Archives, informations, recherches, généalogie, antécédents : Di Costanzo, Balestrieri, David...puis souvenirs scolaires, références musicales...
(cliquez)
Avec la Caserne de France, la Caserne Mangin prenait à Philippeville le titre de ville de Garnison. Après le Régiment de Tirailleurs Sénégalais - sur le cliché - le Régiment de Parachutistes viendra le succéder. C'est dans sa tenue de "para" que Balestrieri René,en 1949 à un mois de la quille sera écrasé par le véhicule qu'il conduisait. Accident produit de la manière suivante : tandis qu'il téléphonait à sa fiancée, une fille Monti pour la dernière mise au point de son mariage, son G.M.C. stationnait sur le trottoir Rue Valée devant le magasin de tri d'agrumes, appartenant à Jean Balestrieri, son père. Ahcène, voyant le camion s'avancer par suite d'une défection de frein, alerta René qui s'est précipité dans l'habitacle. Coincé entre le mur et le camion, il n'en sortira pas vivant...Sa caserne était celle du cliché.

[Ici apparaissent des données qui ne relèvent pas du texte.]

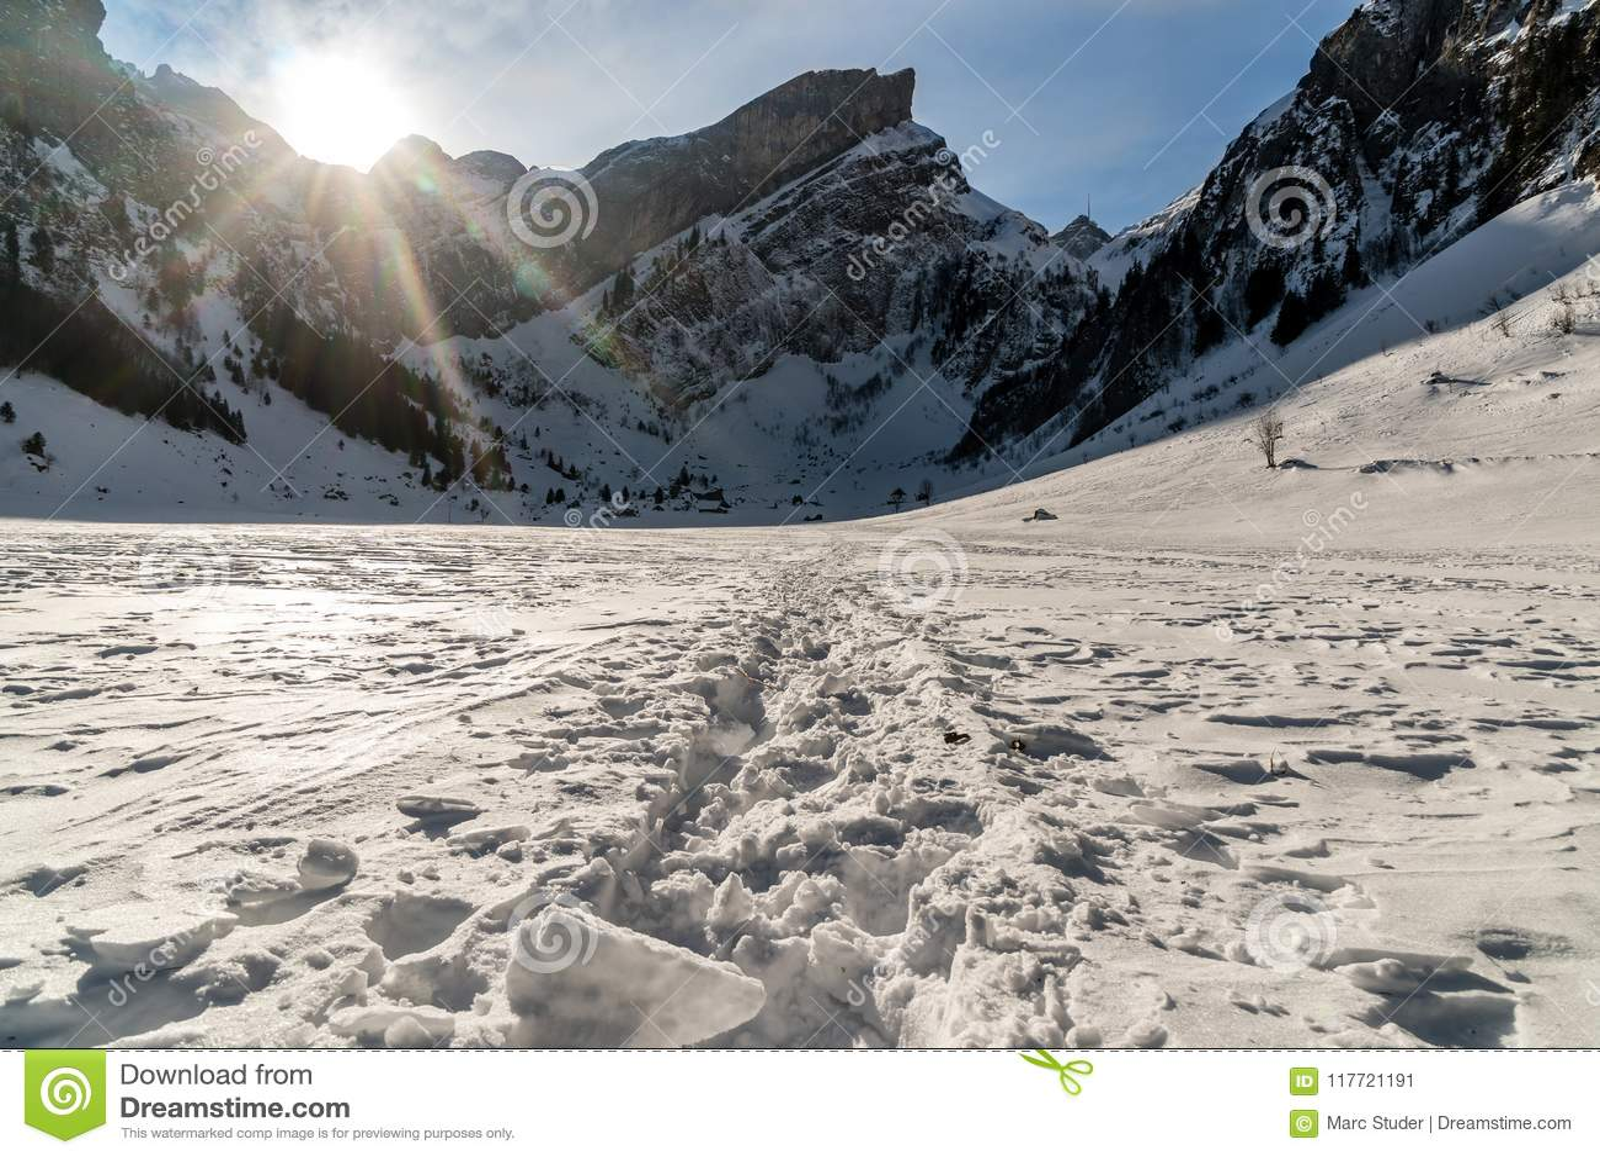 Seealpsee, ελβετικά βουνά κατά τη διάρκεια του χειμώνα με τα βήματα

Anecdote. A une dizaine de mètres à g. Mr Emery, avait son laboratoire de charcutier. Par ce côté réservé, papa venait prendre les commandes de porcs qu'il fournissait à la "Charcuterie Parisienne", sa réputation n'était plus à faire. Pendant que j'attendais mon père dans la cariole à cheval, un Sénégalais vint à passer. Ses chaussures cloutées accentuaient le bruit des pas cadencés sur le bitume, très cadencés au point que j'eus l'audace innocente de compter "Une, Deux..." Vexé, le gradé en uniforme vint vers moi en me menaçant. Je tremblais de peur : je n'avais que 6 ans...Depuis, j'ai compris qu'il ne fallait pas provoquer la susceptibilité...d'un Sénégalais. Les évènements de 1945 me donneront raison. Les indigènes commirent l'erreur de s'attaquer à l'un d'eux en uniforme. Le déchaînement dans les rues fut mémorable. (page d'histoire vécue)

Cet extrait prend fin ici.